↓

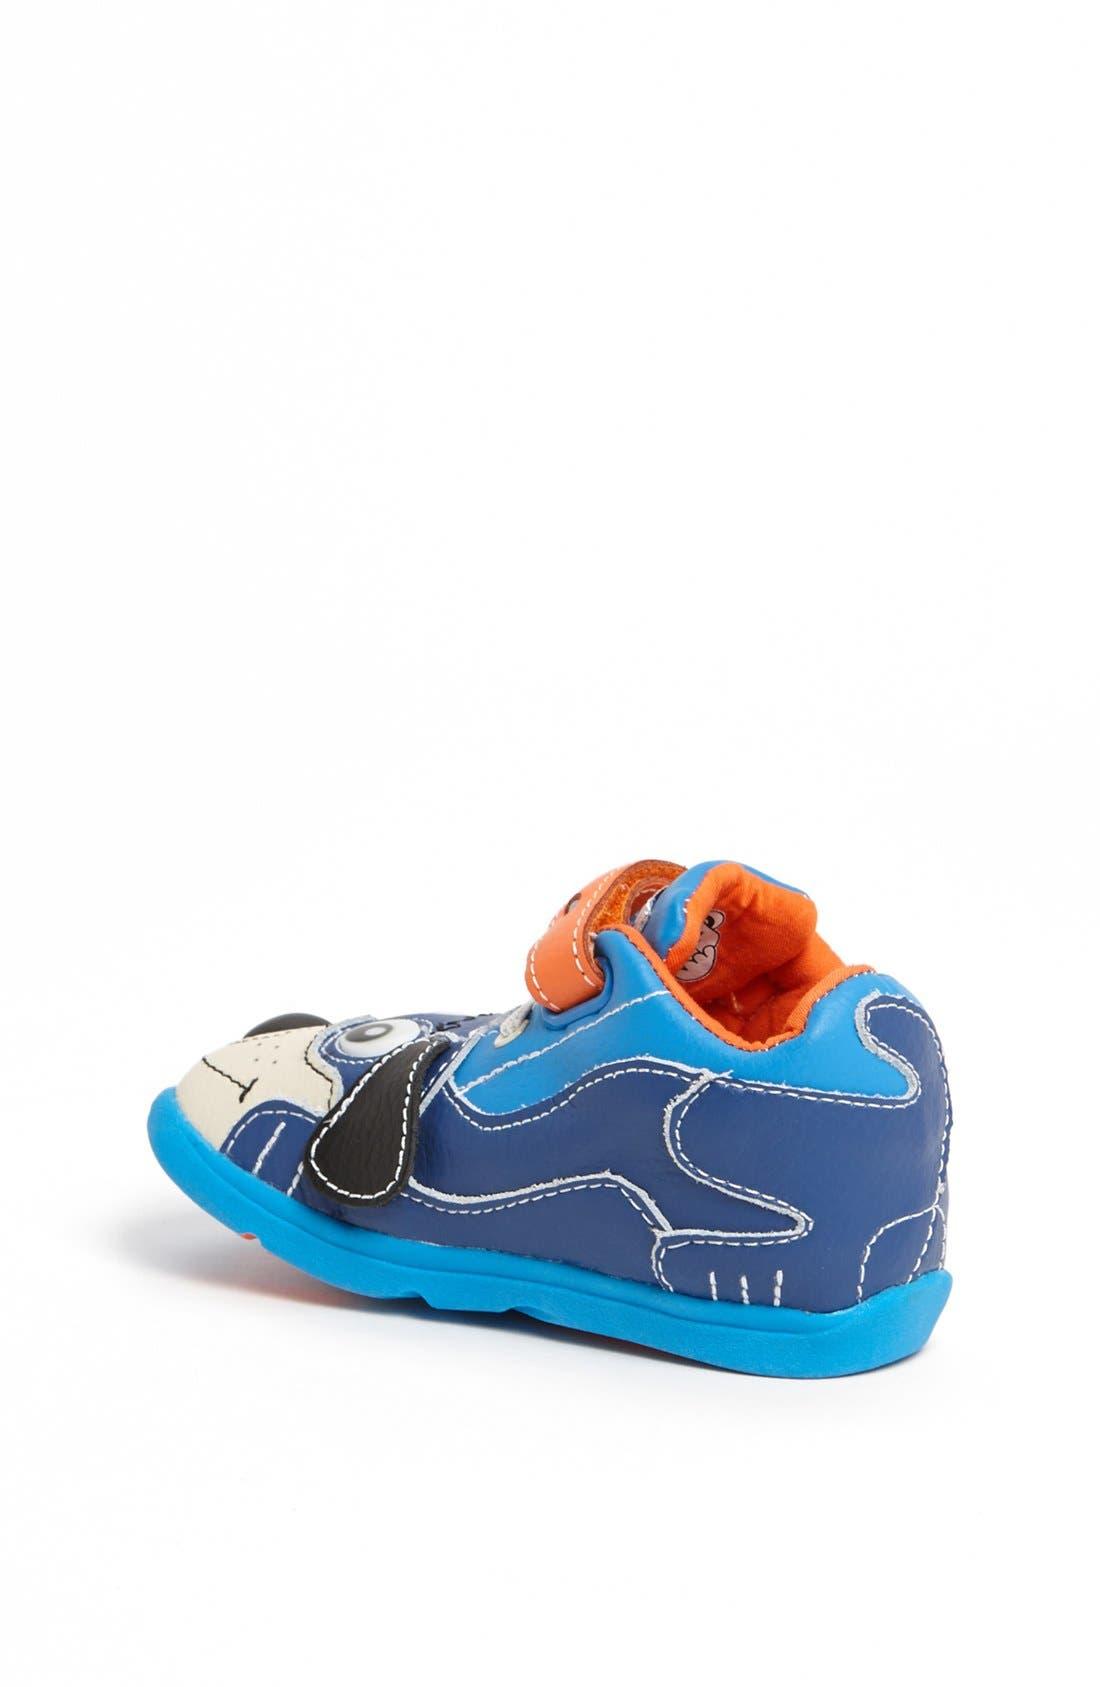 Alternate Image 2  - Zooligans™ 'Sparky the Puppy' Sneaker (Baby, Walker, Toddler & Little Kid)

↑
↓

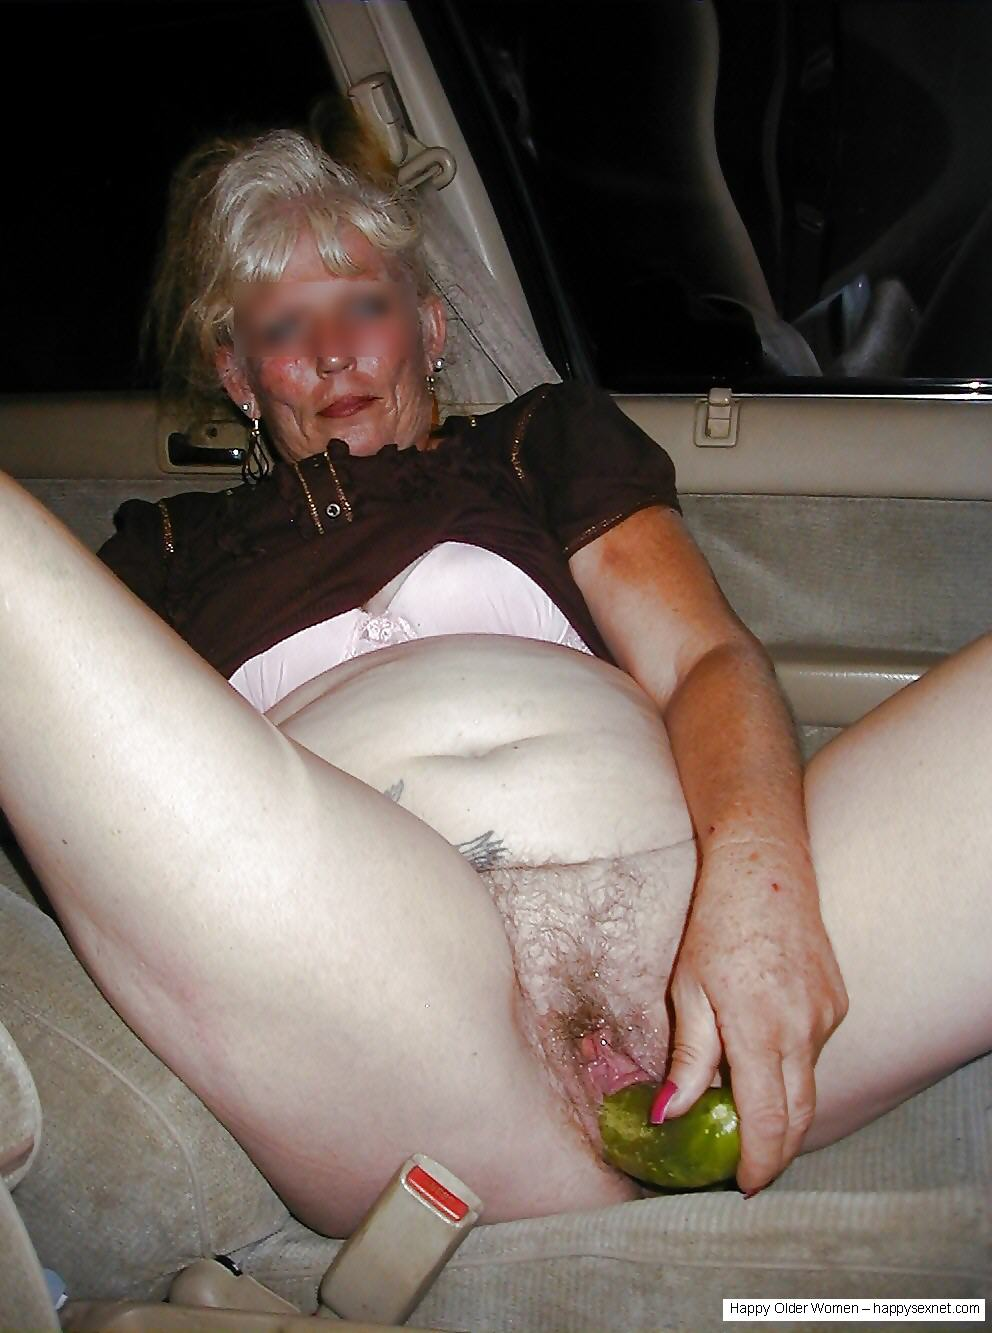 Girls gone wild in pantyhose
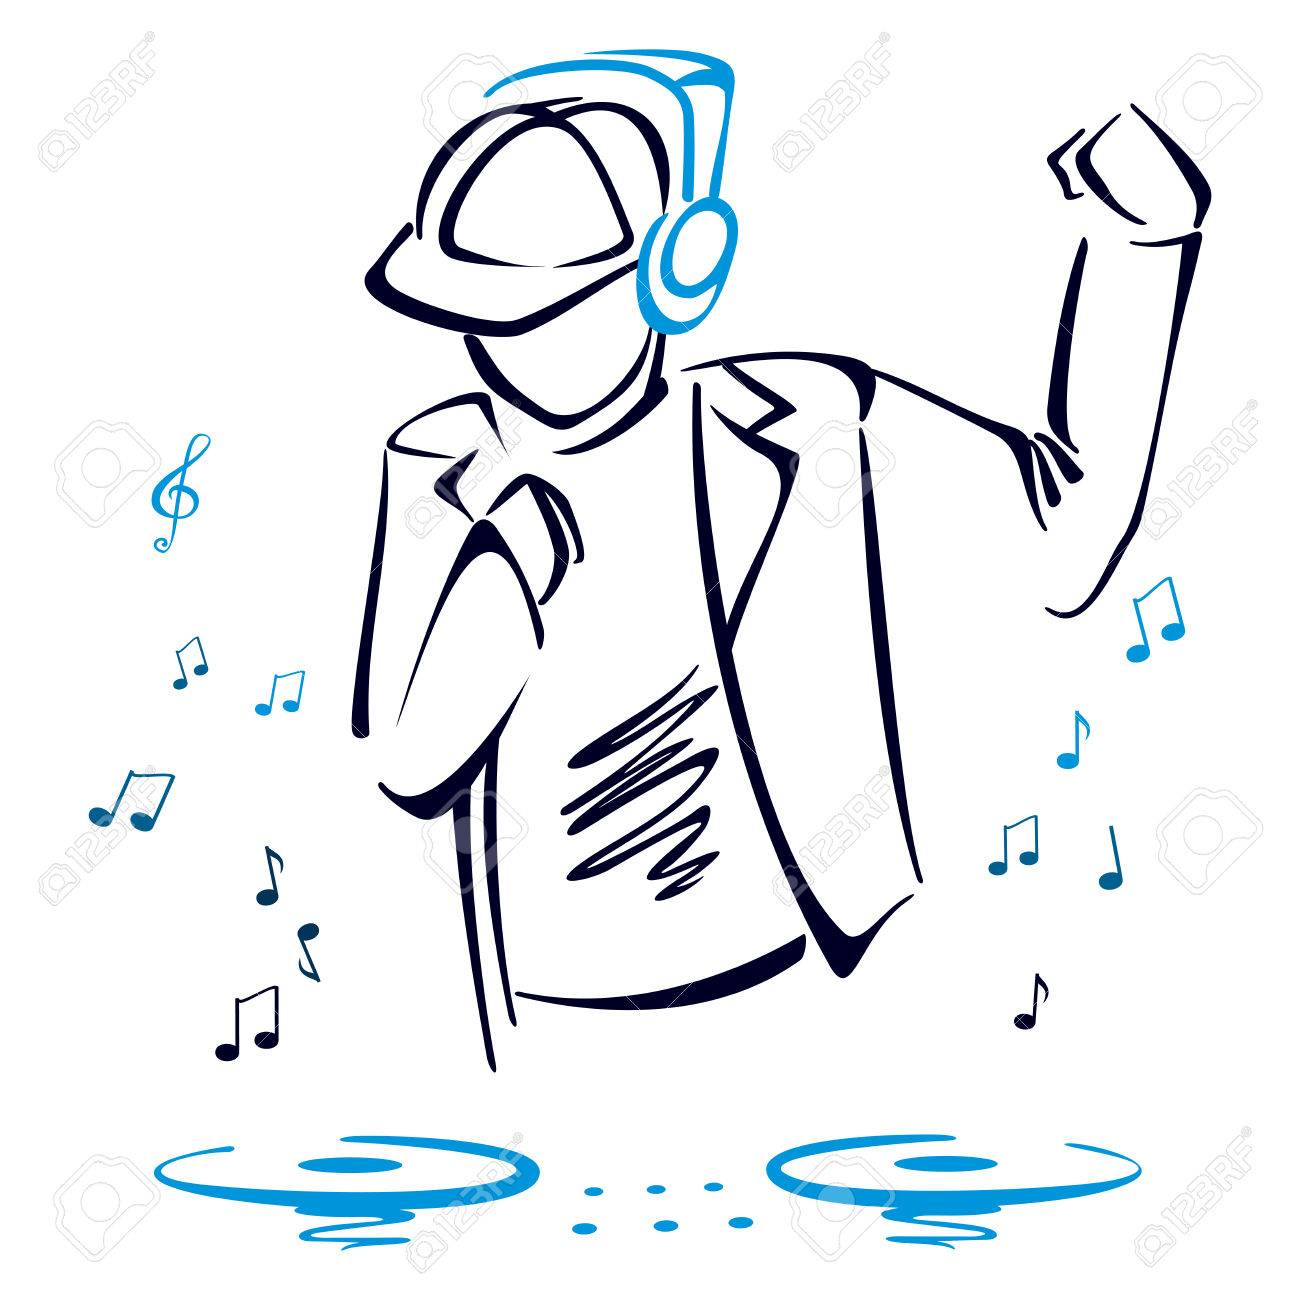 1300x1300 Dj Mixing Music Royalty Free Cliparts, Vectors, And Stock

↑

◆ What you need to do ◆
The lines to copy exactly start with the line above that has "Girls gone wild in pantyhose" and go on through the line that has "1300x1300 Dj Mixing"; please include both, add nothing else, and omit the pictures.

◆ Exercise answer ◆
 Girls gone wild in pantyhose
 1300x1300 Dj Mixing Music Royalty Free Cliparts, Vectors, And Stock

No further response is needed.